Nombre de commentateurs de la décision de Meta se sont pincé le nez en évoquant le fact-checking, comme s'il n'était pas du « vrai journalisme » . A bien des égards, il en est pourtant la quintessence, parce que sont requises pour rédiger ces fact-checks une transparence totale sur la méthode, les sources et le cheminement du raisonnement, de la neutralité dans la présentation des faits et une scrupuleuse honnêteté, si la réponse n'est pas évidente.
Par ailleurs, le fact-checking, ce sont aussi de vraies enquêtes au long cours, mobilisant plusieurs journalistes pendant des semaines.
Enfin, faire du fact-checking l'arbitre de la vérité est méconnaître que la majorité des fact-checks, loin de trier le vrai du faux, disent avec nuance ce que l'on sait d'une réalité souvent complexe.
Théorie complotiste
Les mêmes commentateurs ont dit que le fact-checking revenait à chercher à vider l'océan à la petite cuillère : l’AFP, qui publie en moyenne 400 fact-checks par mois , peut opposer que pas une seule infox d'importance, sur le Covid, l'Ukraine ou Gaza, n'a échappé à son crible. Quant à l'impact, renvoyons à… Meta, qui vantait il y a peu encore que, dès lors qu'un fact-check est apposé à une infox, 95 % des utilisateurs n'ouvrent pas l'information en question. Et, s'il fallait convaincre encore, relevons que les fameuses « notes de la communauté » dont veut s'inspirer Meta renvoient souvent, pour étayer leur commentaire, aux fact-checks.
La désinformation est devenue notre quotidien et fait désormais partie intégrante du cycle de l'information. A chaque actualité majeure est maintenant associé son pendant sous forme d'information sortie de son contexte, fabriquée de toutes pièces ou légèrement retravaillée. Plus aucun événement ne semble échapper à ce qu'une théorie complotiste vienne s'y greffer. Les campagnes de déstabilisation sont devenues si courantes qu'elles font rarement la une des médias. L'écosystème de la désinformation est sorti grand vainqueur du cycle d'élections de 2024, contribuant à faire élire populistes et dirigeants autoritaires. Dans ce contexte, baisser la garde est irresponsable.
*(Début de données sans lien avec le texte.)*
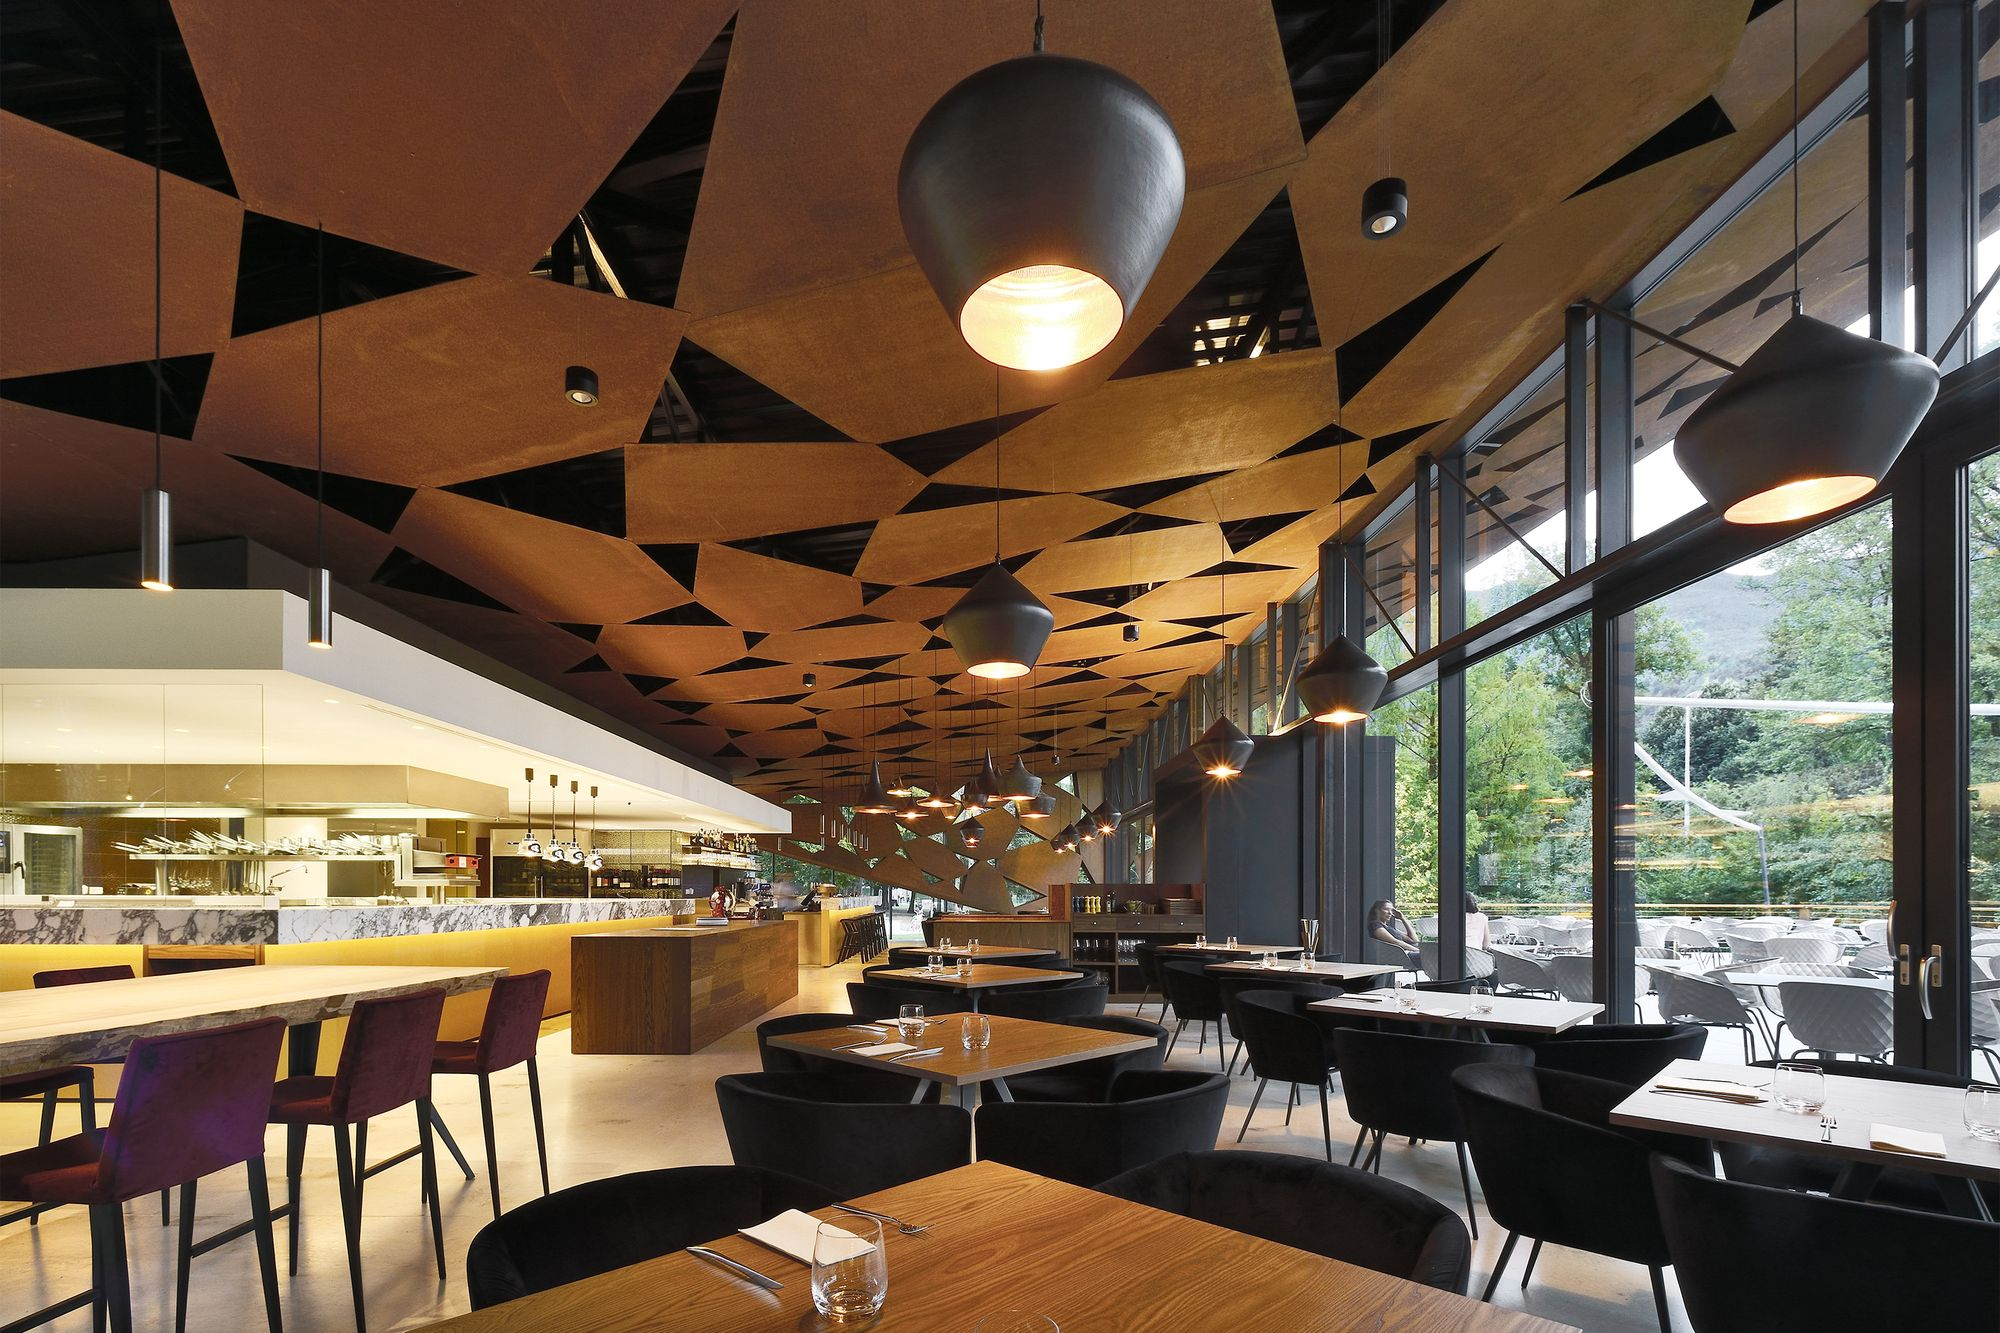 Gallery of Restaurant Brix 01 Markus

Le fact-checking n'a jamais prétendu être la solution à la désinformation, mais il est le socle de la riposte, la première lame en quelque sorte. L’AFP a acquis une expertise unique sur la désinformation, qui va bien au-delà du fact-checking et englobe la couverture journalistique des stratégies de désinformation et d'ingérence ainsi que leur impact sur nos sociétés, la formation des rédactions au journalisme numérique, l'éducation aux médias ou les techniques d'enquête en ligne.
Il lui faudra redimensionner son réseau si le programme est partout arrêté, chercher d'autres financements, mais ce travail d'intérêt général sera poursuivi. Car, si personne ne fait l'effort de rétablir les faits, le champ sera laissé grand ouvert à nos pires travers, parfaitement mis en valeur, eux, par les algorithmes des plateformes.